Multiple alignments of protein and cDNA sequences were generated with ClustalW.1.83 using Gonnet/IUB matrices and default parameters . Phylogenetic trees were calculated by the neighbor-joining algorithm . Bootstrap values of the trees were calculated for 1000 trials using the MEGA4 program package . Given the close evolutionary relationship of duplicated genes, a maximum parsimony analysis was performed for protein sequences using the program PROTPARS of the PHYLIP package . Since internal rearrangements of zinc finger domains were expected from domain organization and initial neighbor-joining tree inspections, this analysis was best suitable for the KRAB domain. In addition, all zinc finger domains were analyzed by principal component analysis individually (see below). Other human C2H2 zinc finger genes and distant relative Xenopus laevis Xfin [GenBank:X06021, GenBank:EU277665] were included in some analyses as outgroups (see respective figures and Additional files 1 and 2 for accession numbers and sequences).

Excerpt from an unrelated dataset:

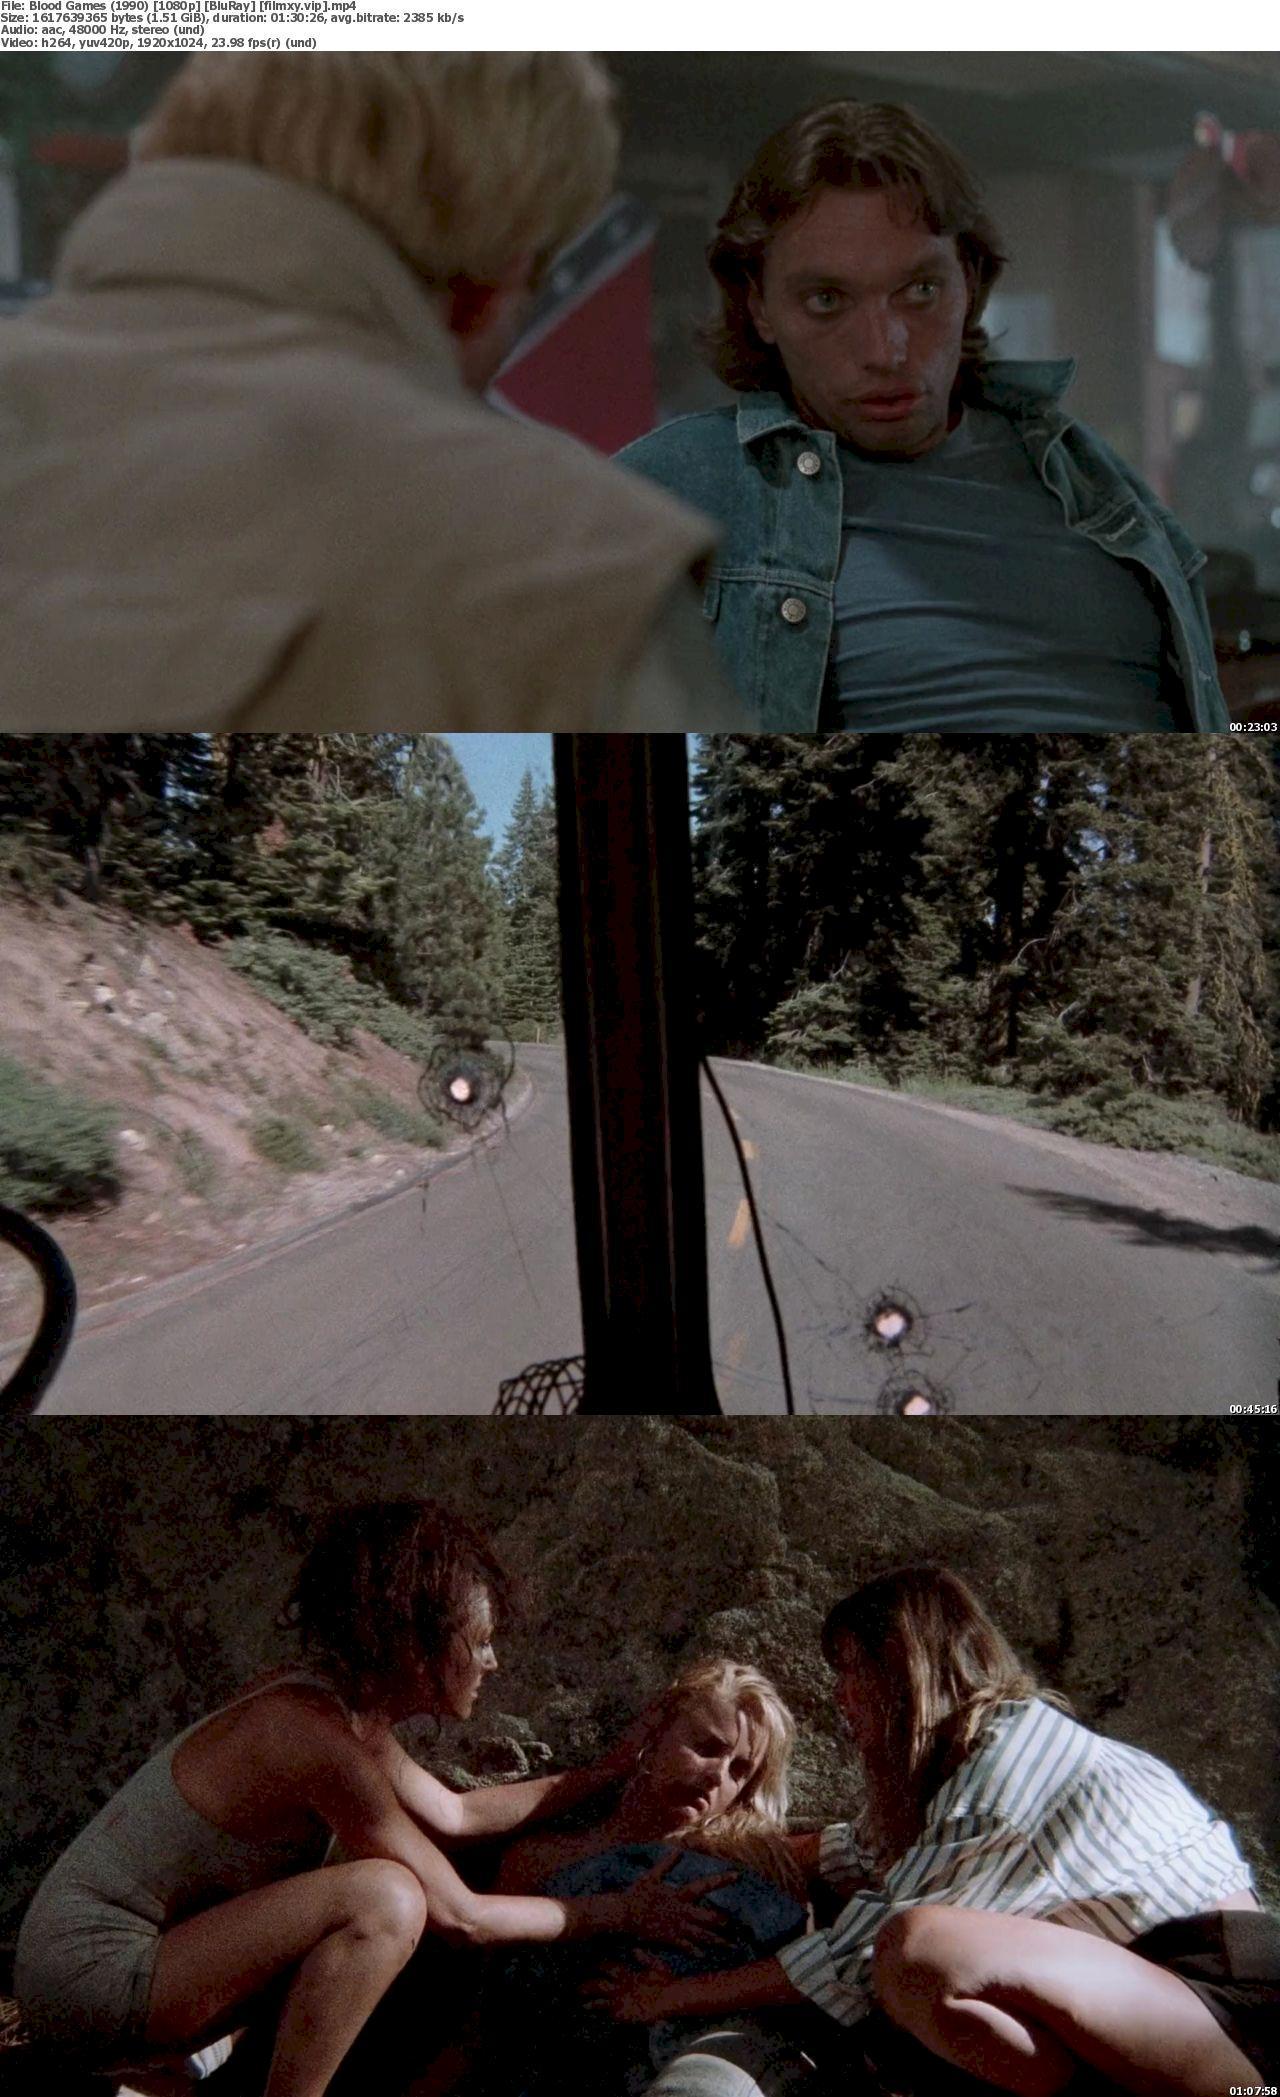 Watch Blood Games (1990) Full Movie on Filmxy

To estimate selective evolutionary pressure on different parts of the gene sequences encoding the different domains we employed the YN00 module of the PAML software package version 3.14 [53,54]. The codon-based alignments of the domains/regions KRAB-A, KRAB-B, linker ("LINK") and zinc fingers ("ZNF") were done separately using ClustalW 1.83 . We calculated the ratio ω of the number of non-synonymous (dN) and the number of synonymous (dS) substitutions per site for each pairwise comparison in a multiple alignment of ortholog sequences. Values of ω < 1, = 1 and > 1 refer to negative purifying selection, neutral evolution or positive selection, respectively. Z scores as output of the Z-test of selection were calculated from: Z score = (dN-dS)/sqrt (dN_SE2 + dS_SE2) with SE being the standard deviation of the mean. The accompanying p-value was determined through: p = 1-normsdist (abs(Z score)).

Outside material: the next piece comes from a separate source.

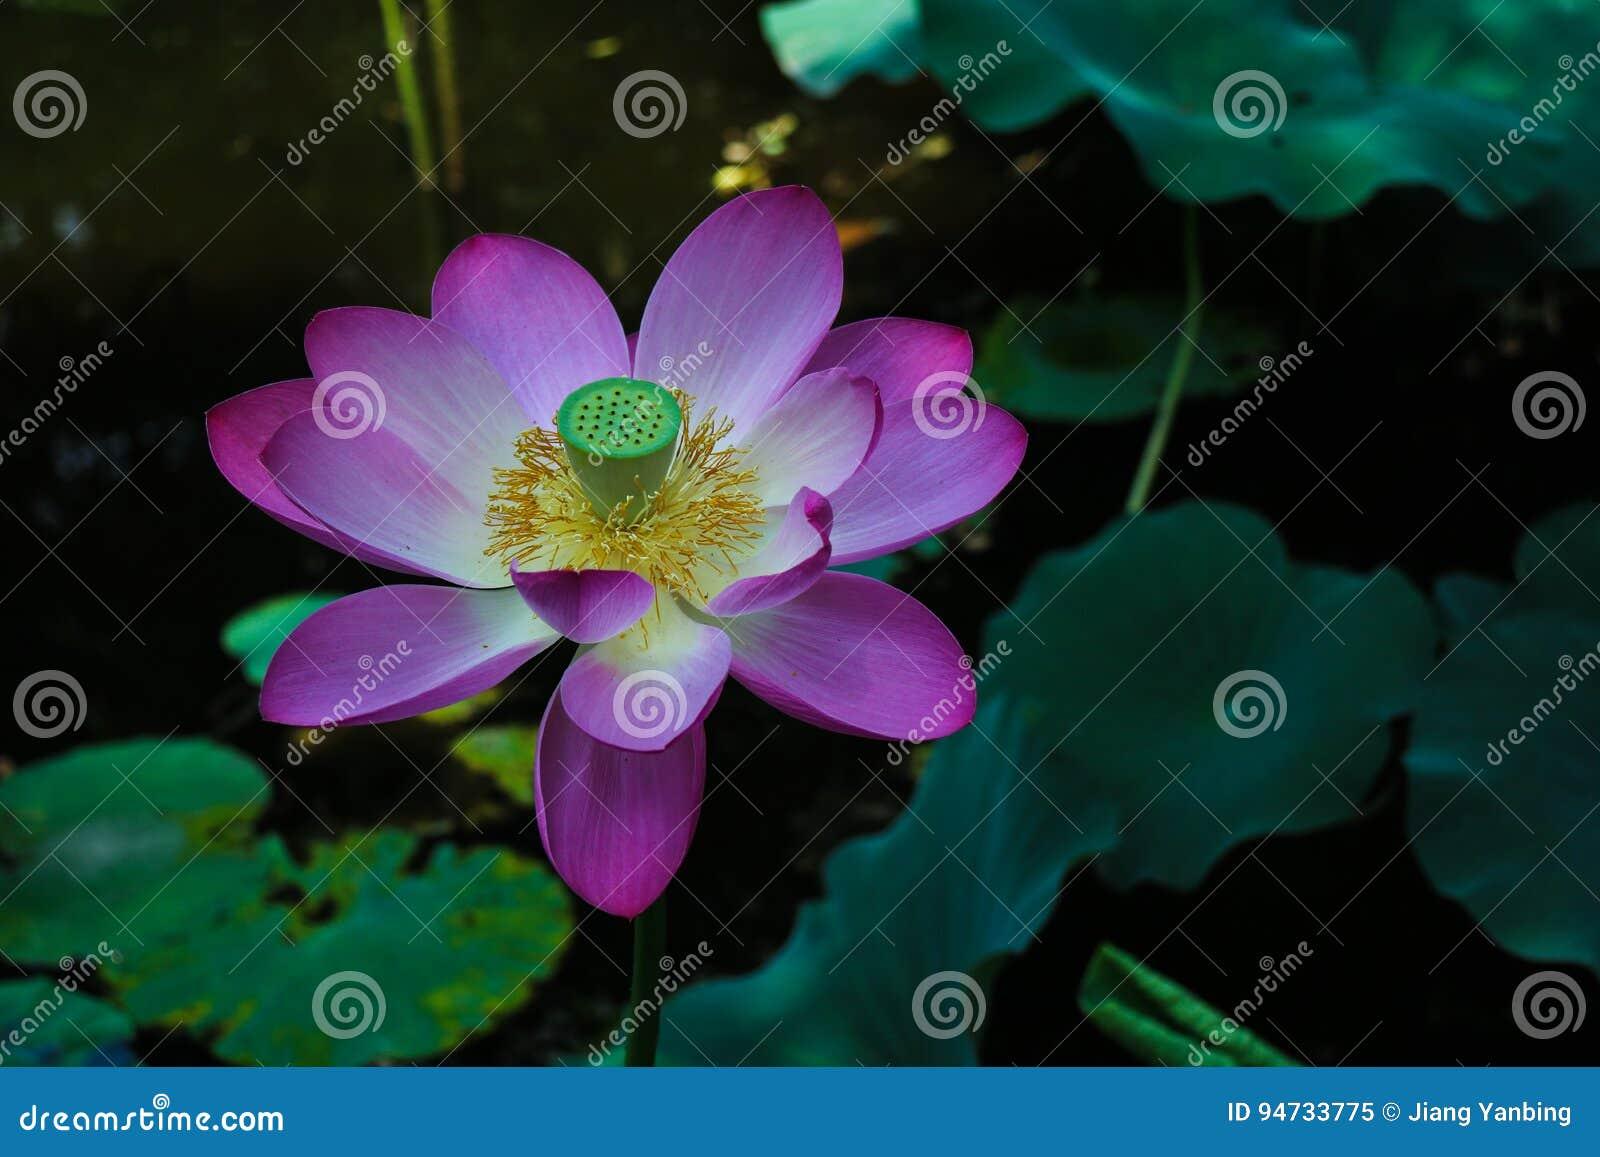 Lotus flower stock image image of lotus flora plant 94733775 royalty free stock photo izmirmasajfo

DNA sequences encoding zinc finger motifs of individual ZNF genes were compared to all ZNF sequences in the SysZNF data base () and ranked according to their similarity with the tool ZNFMotifMatrix (see SysZNF webpage at http://lifecenter.sgst.cn/Utilities2007/znfMotifMatrix/: First, ZNF motif DNA sequences of each ZNF gene were aligned on the codon level. Then, a position-specific scoring matrix (PSSM) was constructed for this multi-alignment. Fortunately, the ZNF motifs have a fixed length of ~ 72 nucleic acid residues, facilitating comparisons of PSSMs. We built PSSMs for all human and mouse ZNF genes and obtained genome-wide PSSMs datasets. Thus, we can compare the PSSM of a selected ZNF gene with the PSSMs in the pre-constructed PSSM datasets and find the most similar matrices (Euclidean distance), i.e the closest relative with respect to C2H2 zinc finger sequences. For visualization we employed Cytoscape 2.6.2 (http://www.cytoscape.org, )

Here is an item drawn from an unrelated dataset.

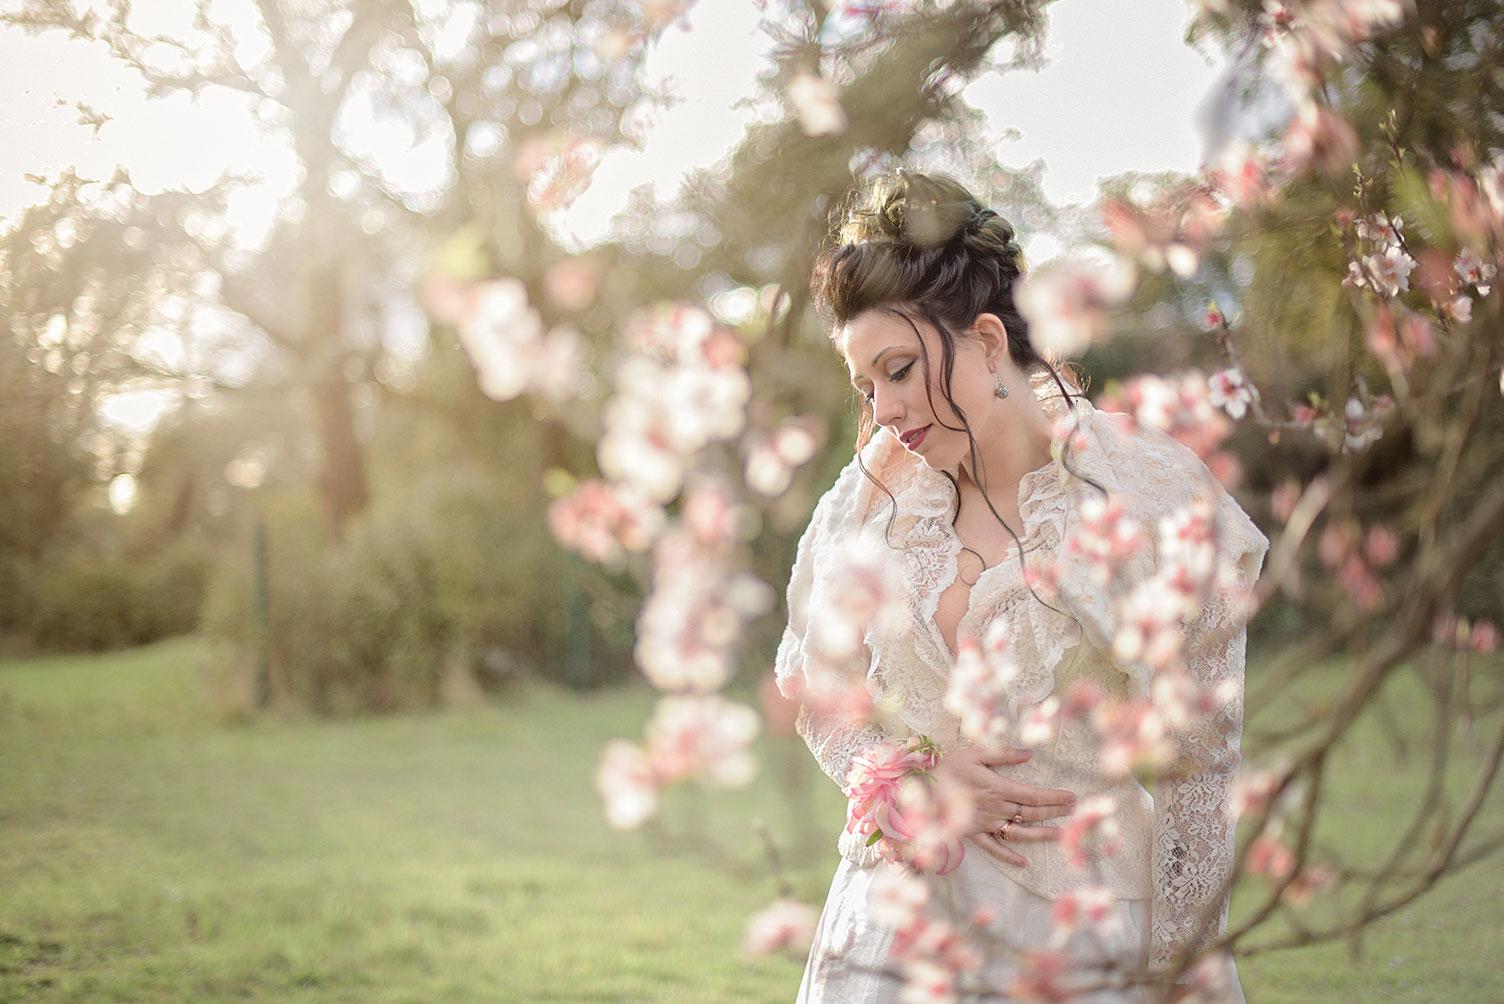 meilleur-photographe-mariage-montpellier1

Principal component analysis (PCA) was applied to the multiple sequence alignment of the 8-residue stretch of individual C2H2 zinc finger domains starting after the highly conserved phenylalanine and ending before the first zinc coordinating histidine. This region is involved in determining DNA/RNA-binding specificities as confirmed by 3-D structure analysis . These residues are numbered -2, -1, 1, 2, 3, 4, 5, and 6 with respect to the start of the α-helix of a C2H2 zinc finger. Here, an N × 8 matrix was computed containing explicitly the degree of conservation at each position of the aligned 8-residue binding stretch for each of the N zinc finger domains. For example, at position -2 42% of the domains contained a serine, thus the conservation matrix was filled with 0.42 for all domains with serine at this position. Principal component analysis of the conservation matrix was then performed using the Matlab Statistics toolbox (The Mathworks Inc., MA, USA). Pre-analysis revealed that the positions 2 (73% S) and 4 (93% L) are highly conserved and thus uninformative with respect to functional changes; these were removed from the conservation matrix before principal component analysis. The plot of the first against the second principal component representing the variation in position -2 and 1 or 5 and 6, respectively, was used for evolutionary analysis of functional residues.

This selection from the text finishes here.